A look back: the five UAE artists who shaped the country's contemporary art scene

The National News
December 2, 2021

It was almost a decade after the creation of the UAE that its art scene started to take shape.

In the 1980s, the country’s contemporary art scene revolved around five key figures who gathered with intellectuals and writers to discuss ideas and who worked together to put on exhibitions for the public.

These Emirati artists – Hassan Sharif, his brother Hussain Sharif, Abdullah Al Saadi, Mohammed Kazem and Mohamed Ahmed Ibrahim – came to be known as the "Group of Five" or "The Five" because of their participation in the 2002 exhibition titled 5 UAE, held in Germany.

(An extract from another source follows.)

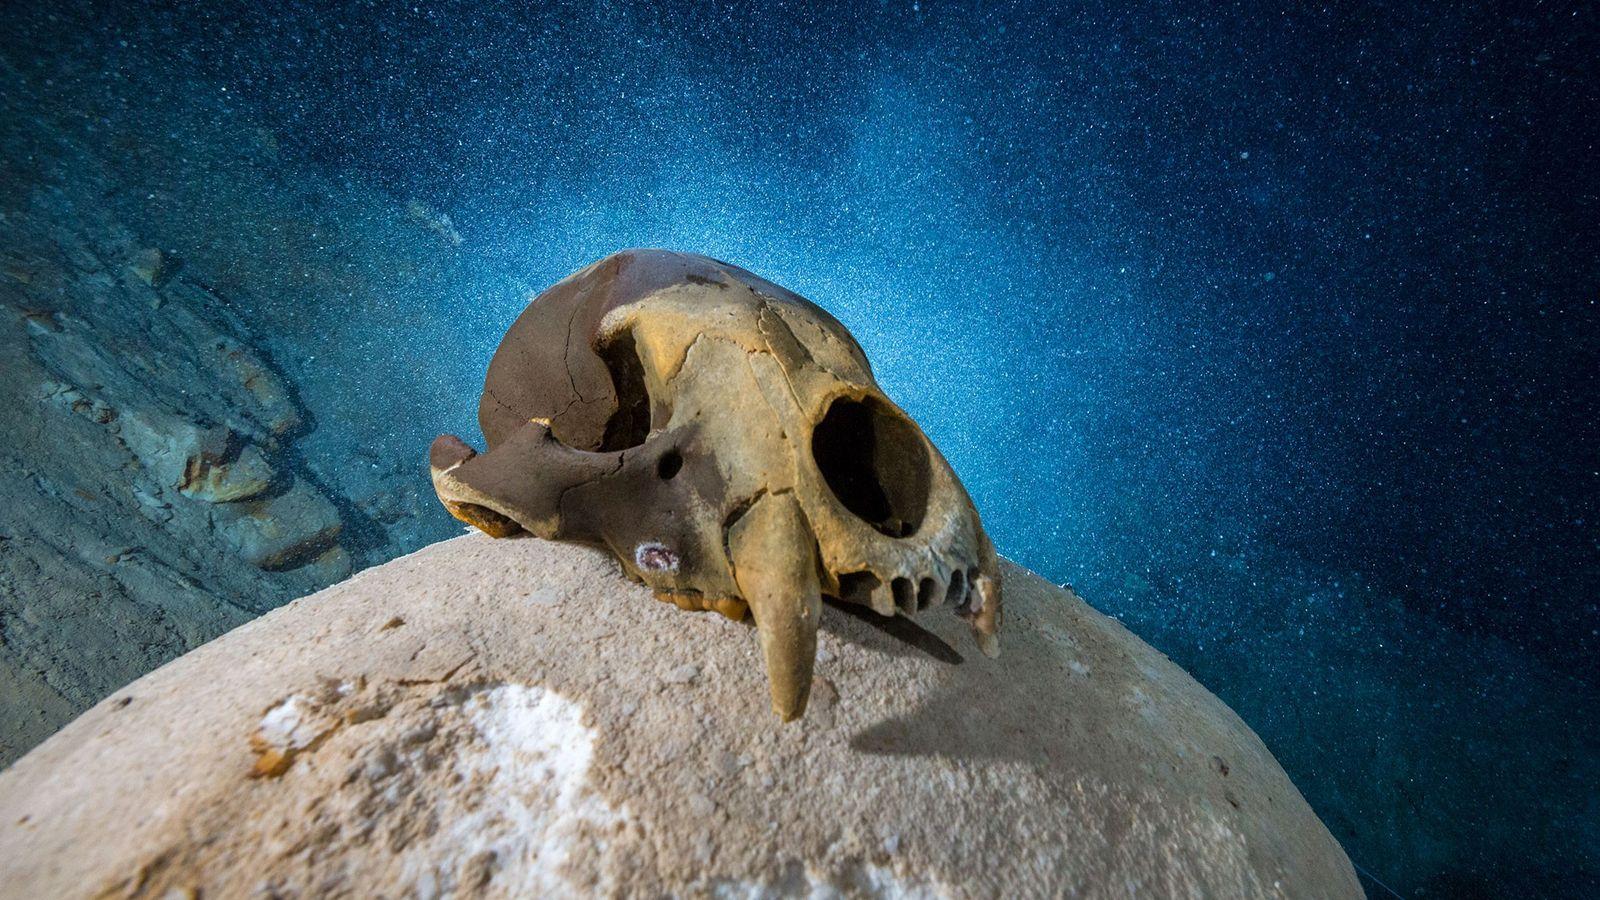 Predadores Da Idade Do Gelo Encontrados Junto Do Humano Mais Antigo Das Américas

Though they worked in different mediums, they bolstered the UAE art scene and influenced a generation of artists in the region.

Over the years, their practices have gained more attention abroad, with a recent travelling exhibition of Hassan's work, and Ibrahim's next show planned for the Venice Biennale 2022.

So who are “The Five” and what are they known for? Here’s a quick look at the first wave of contemporary artists in the UAE.

Hassan Sharif

Perhaps the most prominent among them was Hassan, who died in 2016. Born in Dubai in 1951, he studied at Byam Shaw School of Art in London in the late 1970s and returned to the UAE in 1984. His home in Satwa became the meeting point for many writers and artists, and also became an atelier for other artists.

His work was largely conceptual and experimental – his work with assemblage and sculpture is his most recognisable. These objectsas he called them, were made using industrial materials or cheap, everyday products that were mass-produced.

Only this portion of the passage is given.